WORK TASK
Omit all pictures, then repeat the listing exactly.

DATASET CONTENT
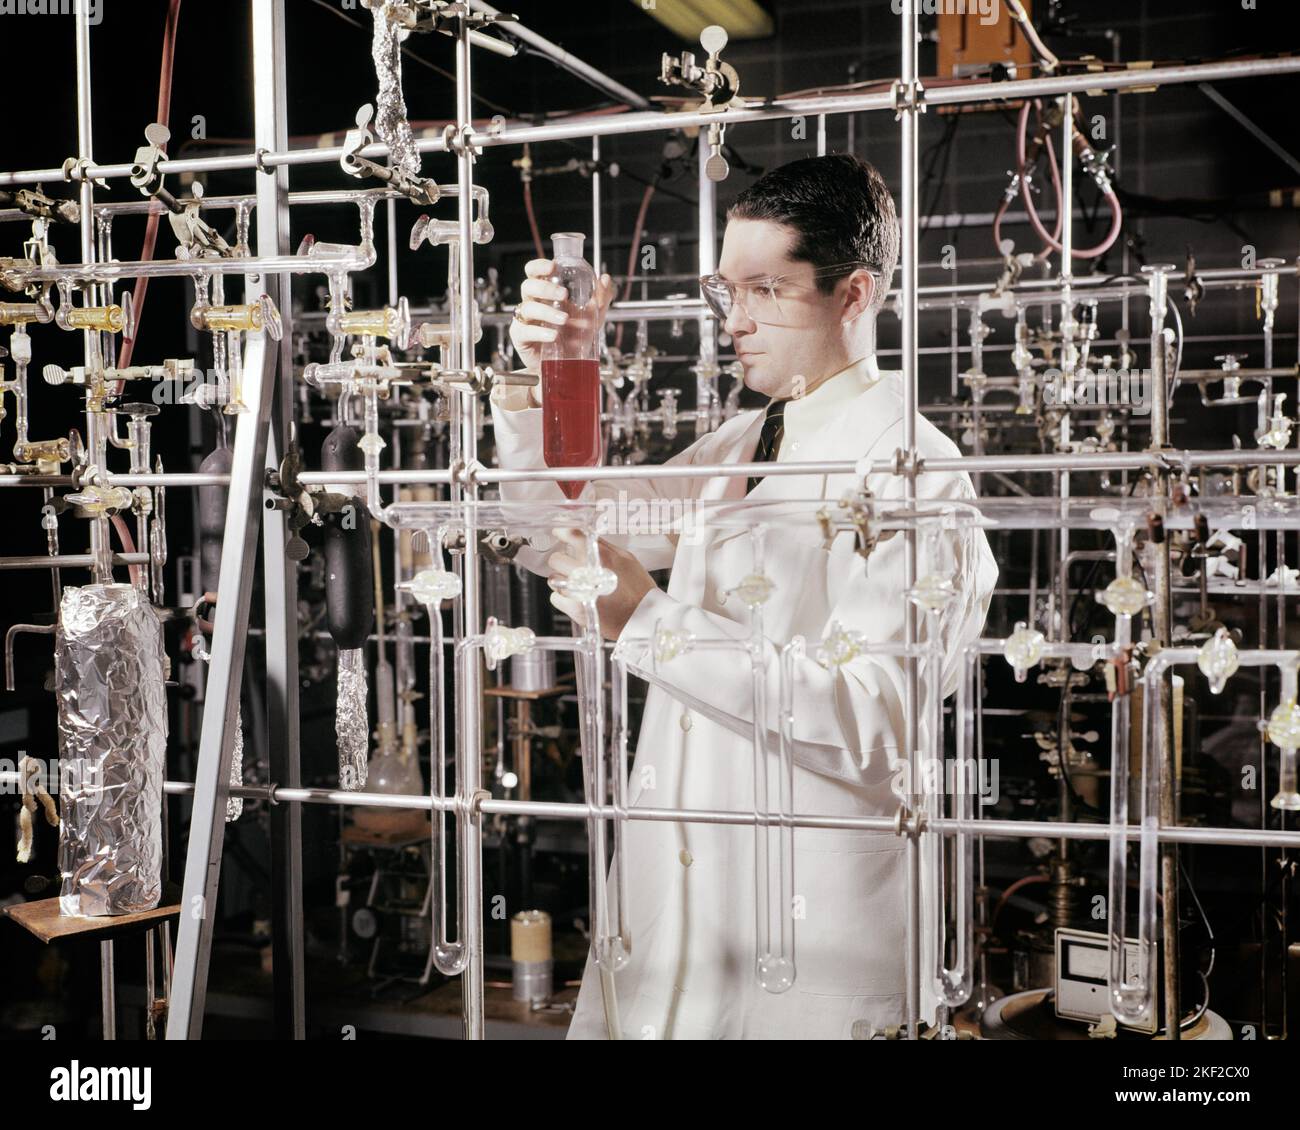 1960s MAN CHEMIST IN LAB CHECKING MEASUREMENT OF VOLUME STANDING ON VACUUM SYSTEM OF GLASS EQUIPMENT - kl2323 HAR001 HARS MEASUREMENT GOALS OCCUPATION UNIVERSITIES CHEMIST SCIENTIFIC CAREERS IN OF OCCUPATIONS HIGHER EDUCATION COLLEGES MID-ADULT MID-ADULT MAN PRECISION SOLUTIONS YOUNG ADULT MAN AMID CAUCASIAN ETHNICITY HAR001 LABORATORIES LABS OLD FASHIONED VOLUME Stock Photo
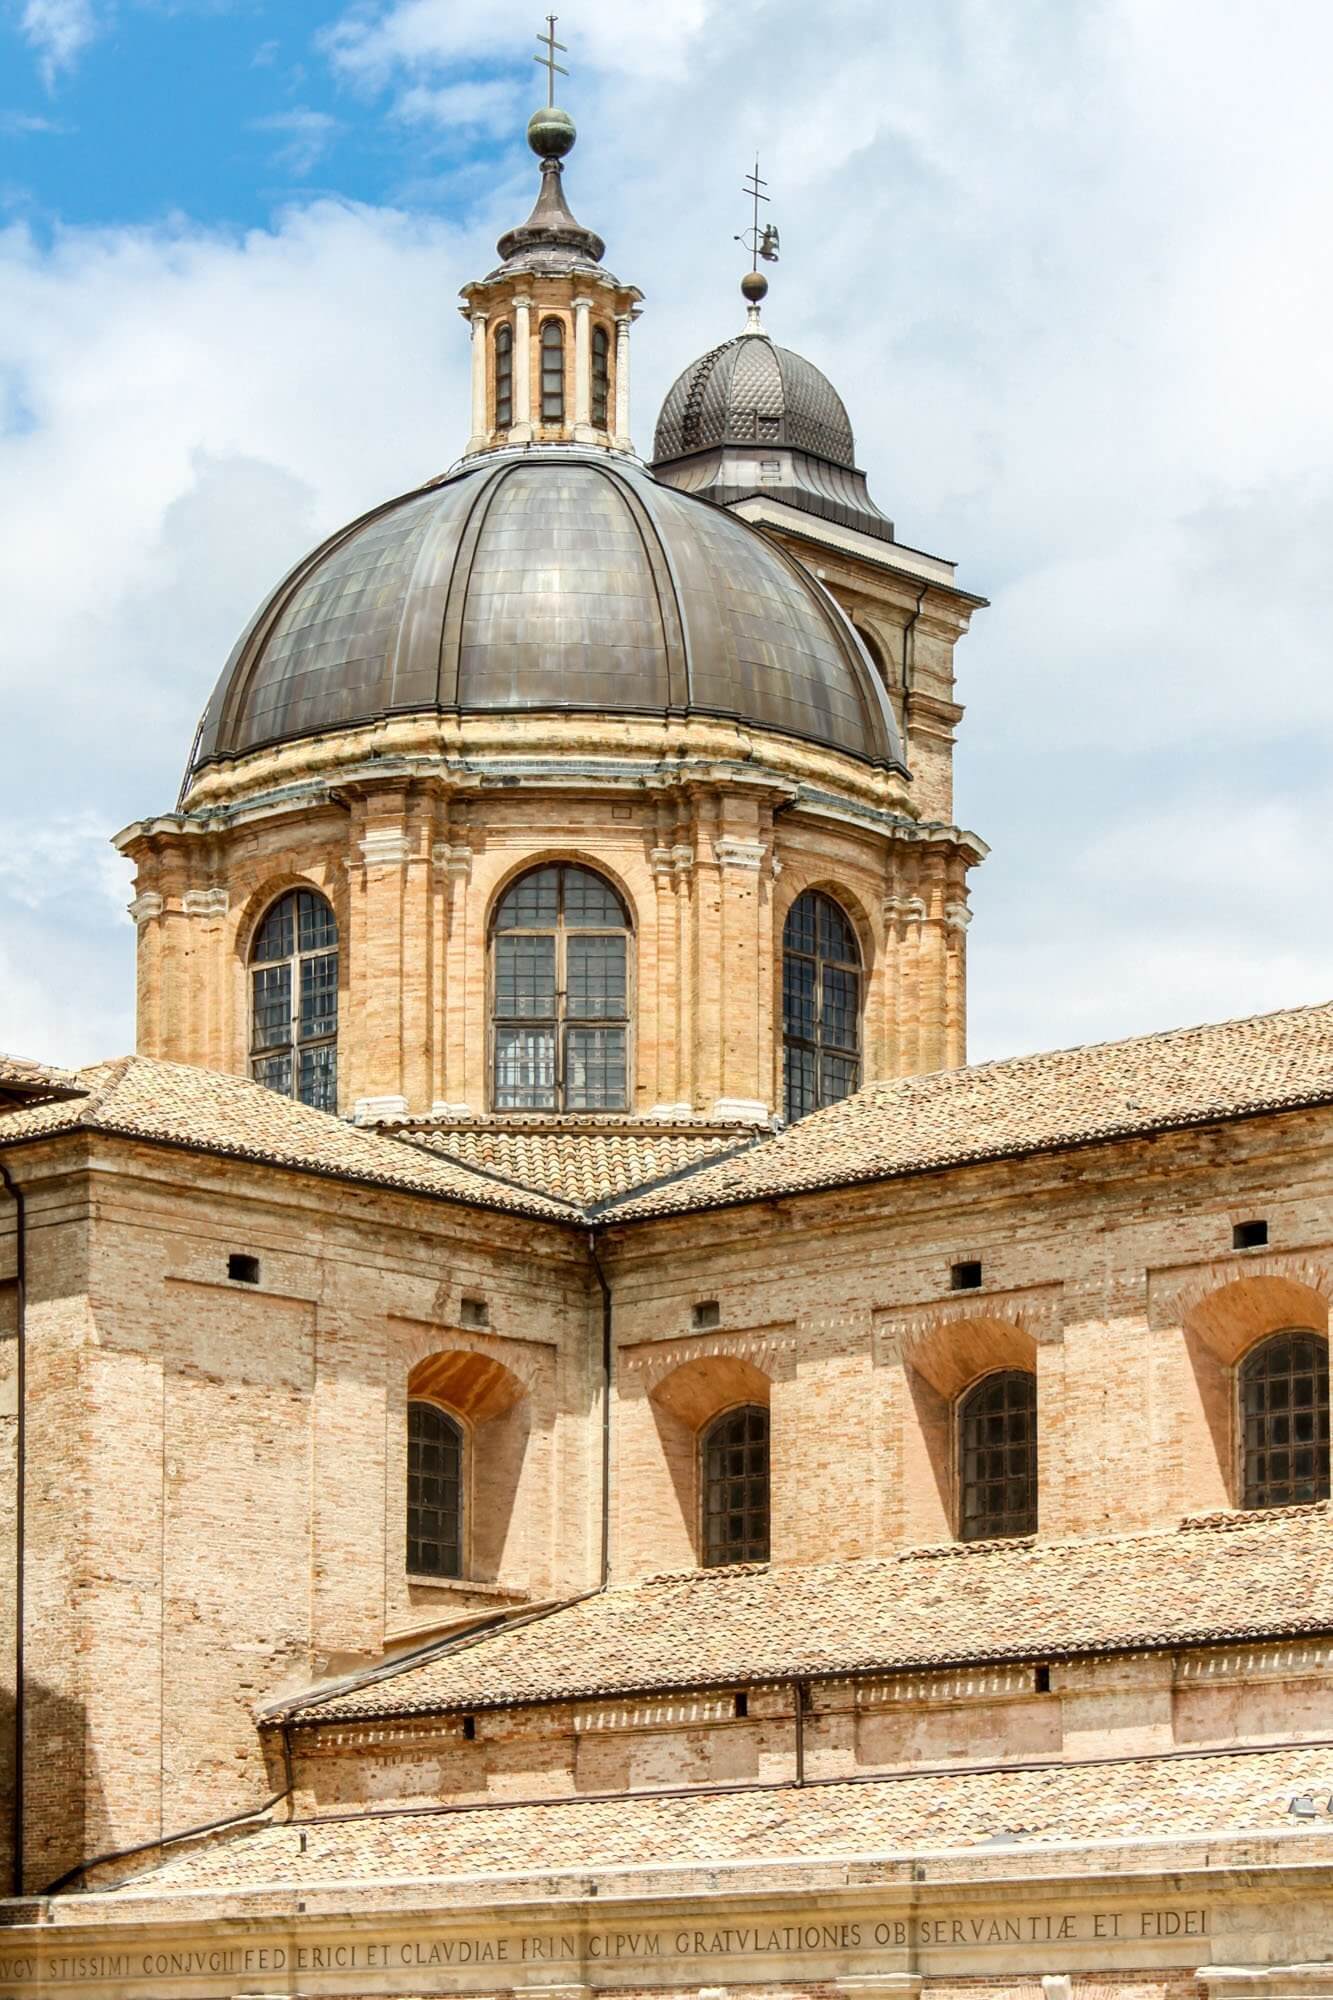 Close-up of the dome of the Urbino Cathedral
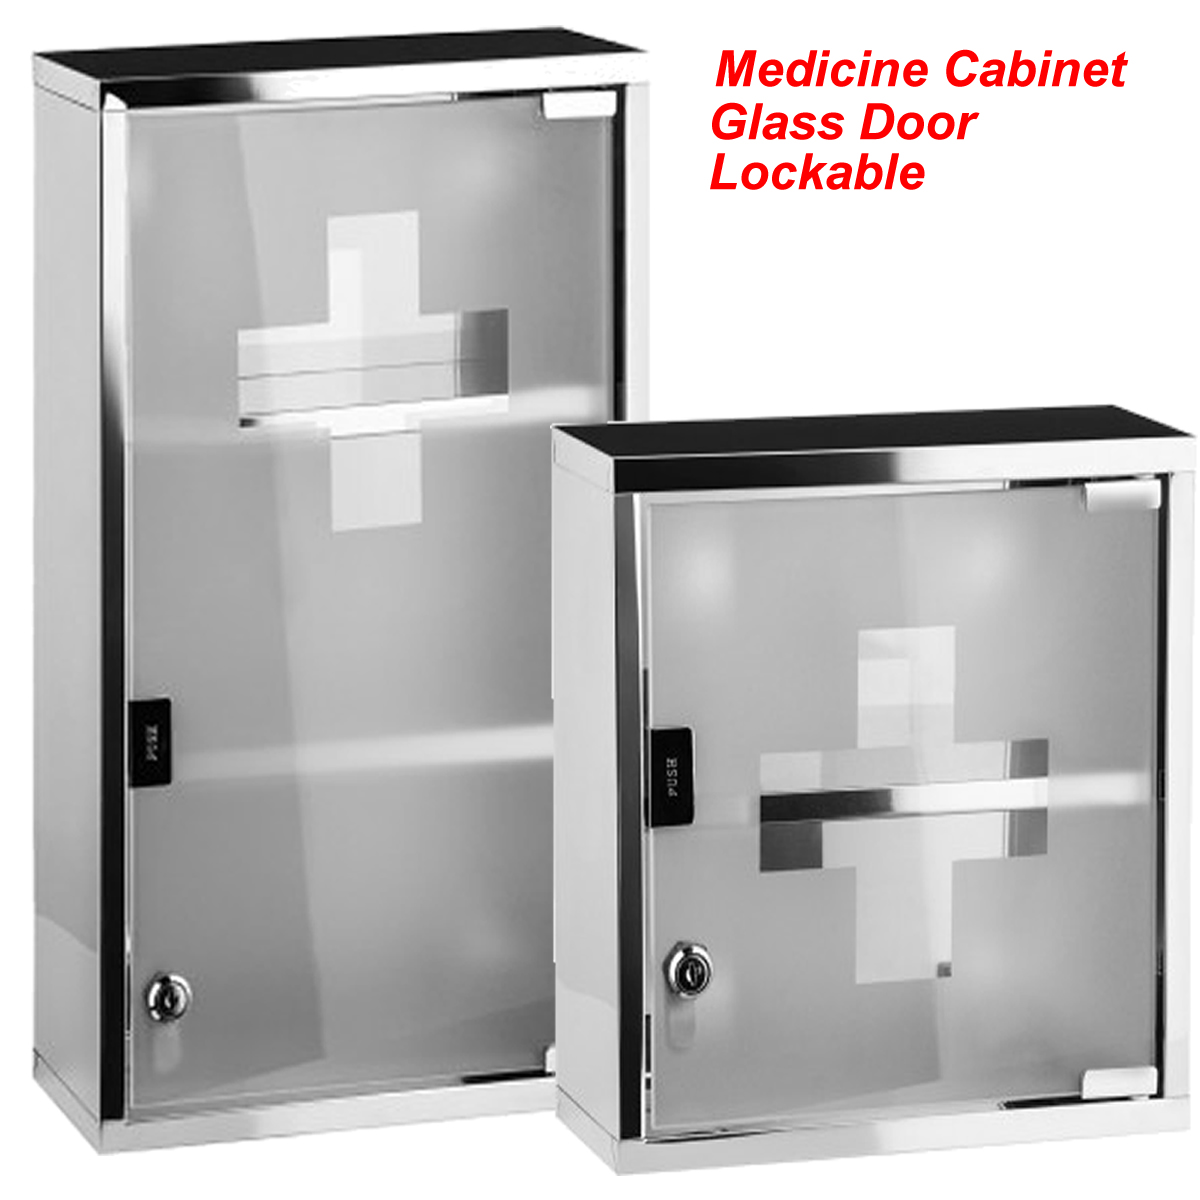 Medicine Cabinet Wall Mounted First Aid Lockable Glass Steel
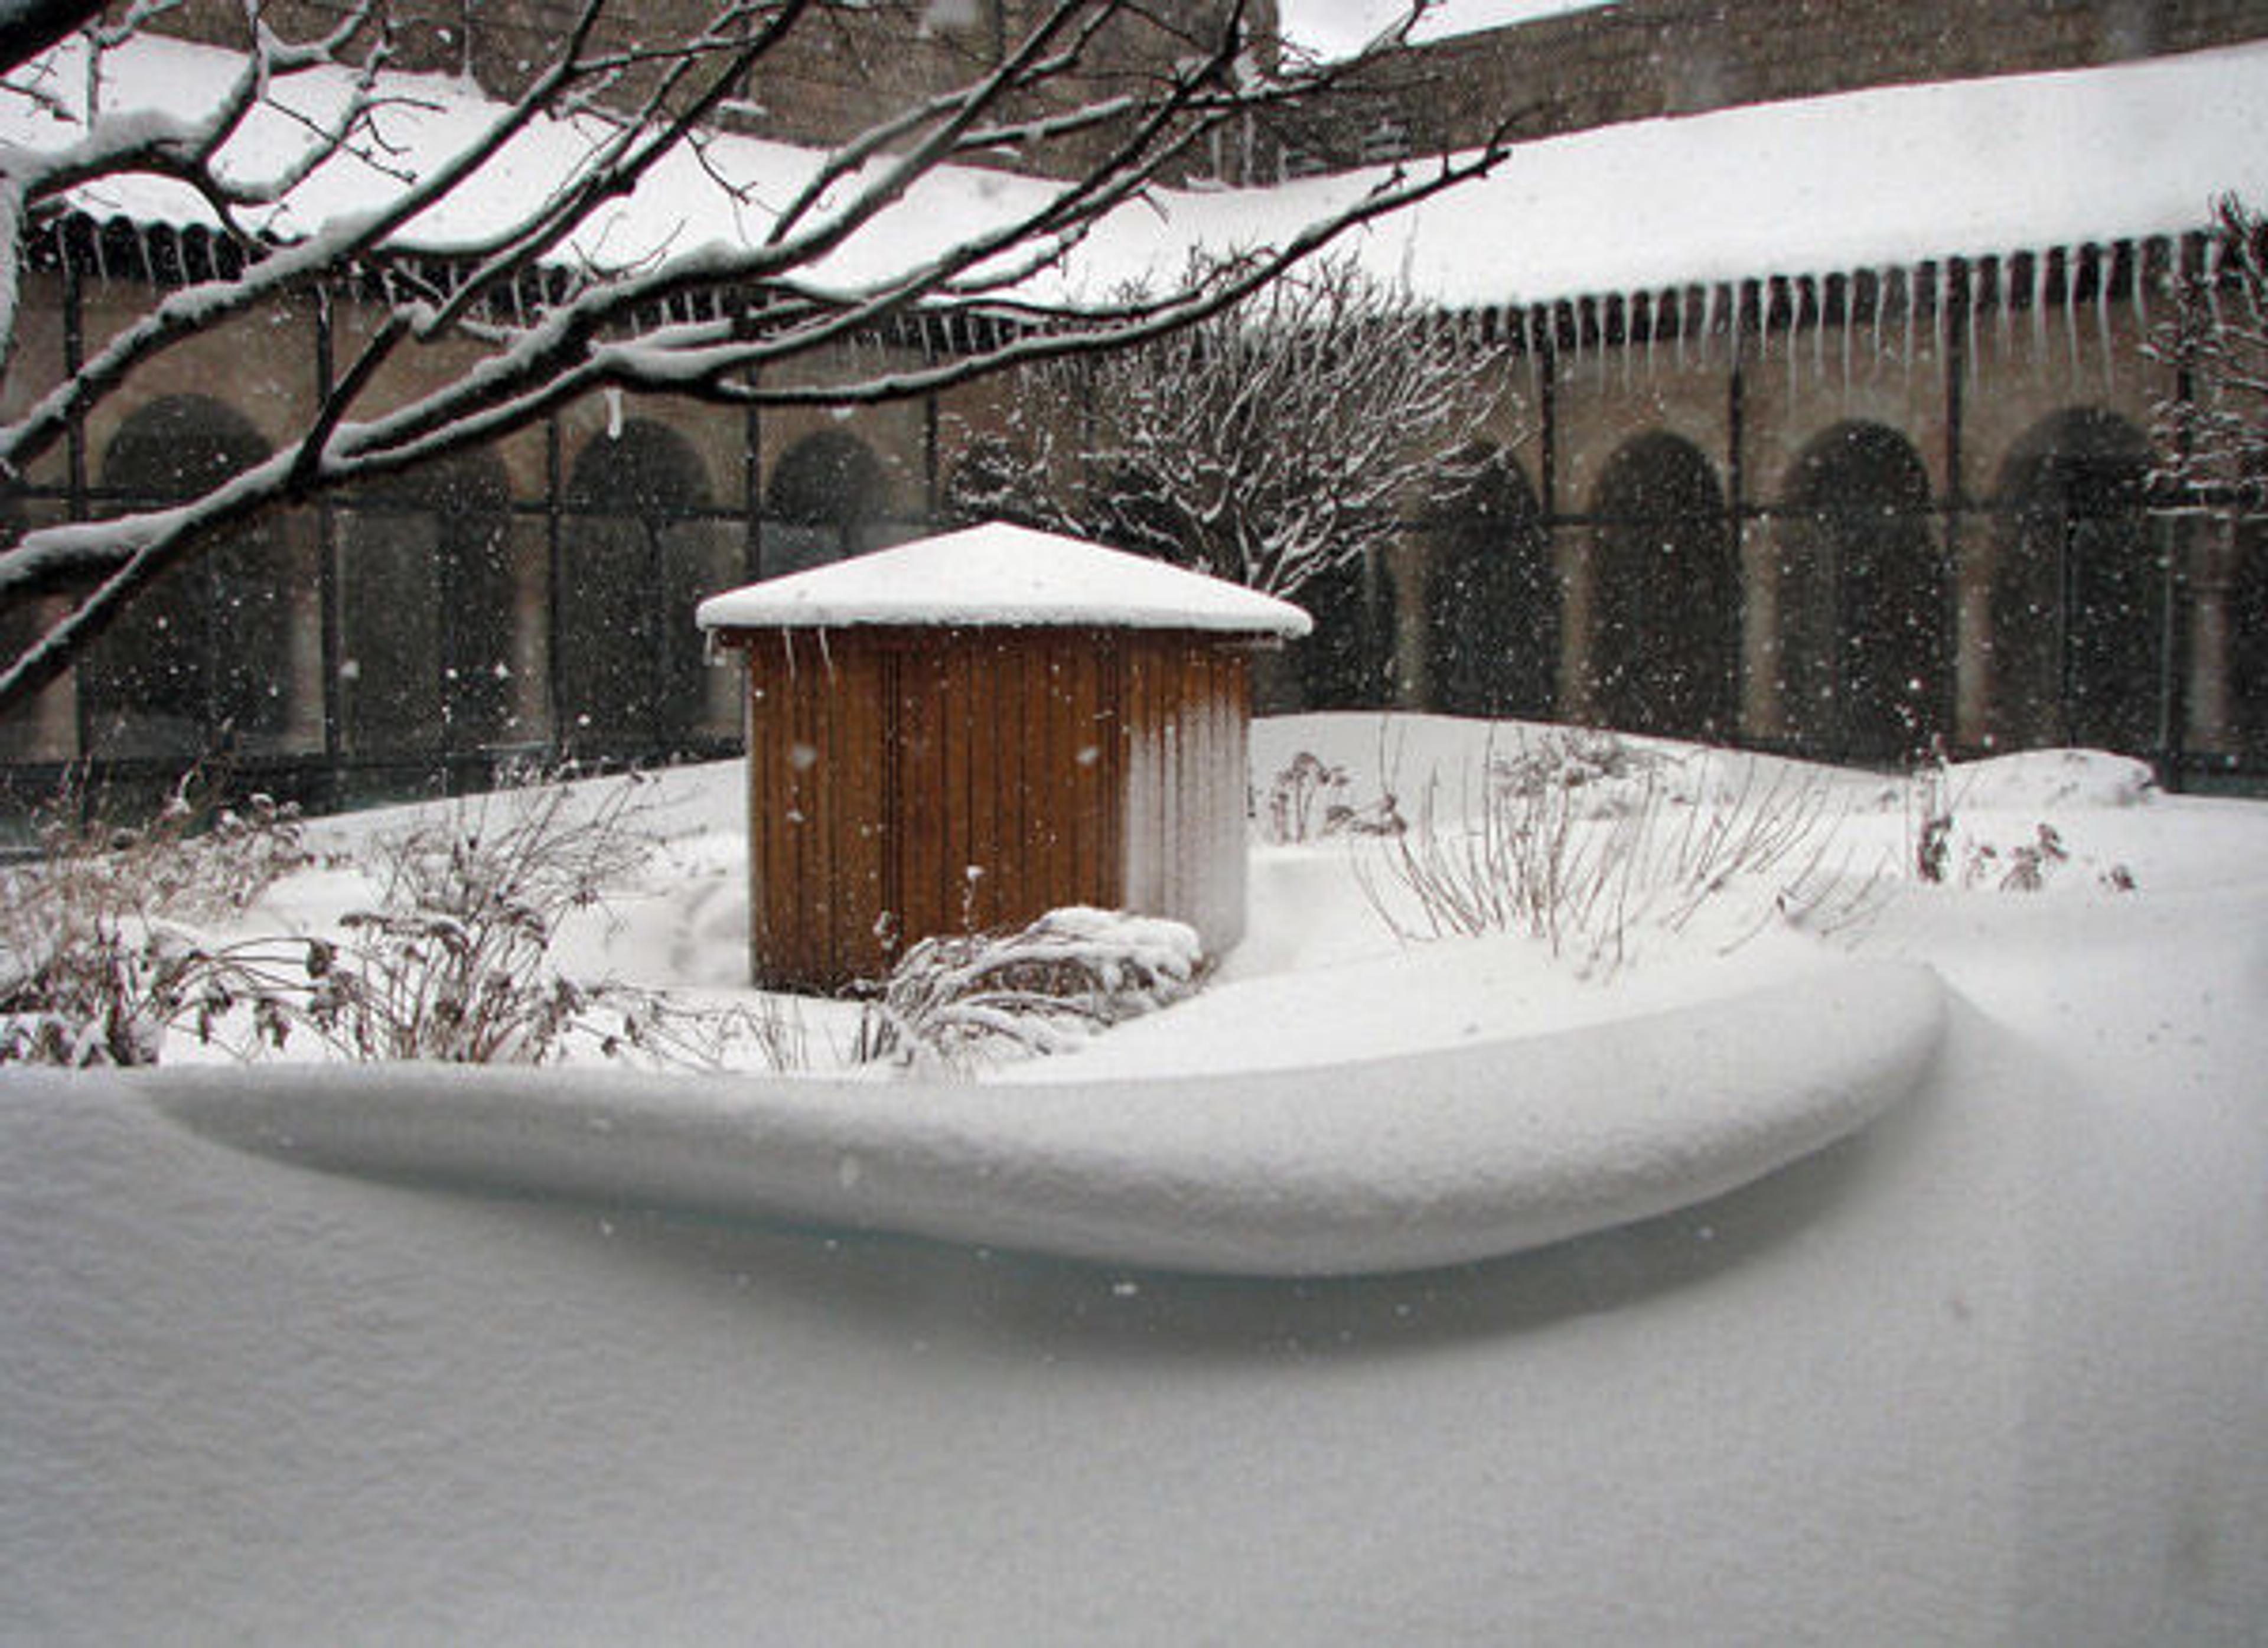 The snow formations of the Cuxa Cloister

FINISHED EXERCISE
 1960s MAN CHEMIST IN LAB CHECKING MEASUREMENT OF VOLUME STANDING ON VACUUM SYSTEM OF GLASS EQUIPMENT - kl2323 HAR001 HARS MEASUREMENT GOALS OCCUPATION UNIVERSITIES CHEMIST SCIENTIFIC CAREERS IN OF OCCUPATIONS HIGHER EDUCATION COLLEGES MID-ADULT MID-ADULT MAN PRECISION SOLUTIONS YOUNG ADULT MAN AMID CAUCASIAN ETHNICITY HAR001 LABORATORIES LABS OLD FASHIONED VOLUME Stock Photo
 Close-up of the dome of the Urbino Cathedral
 Medicine Cabinet Wall Mounted First Aid Lockable Glass Steel
 The snow formations of the Cuxa Cloister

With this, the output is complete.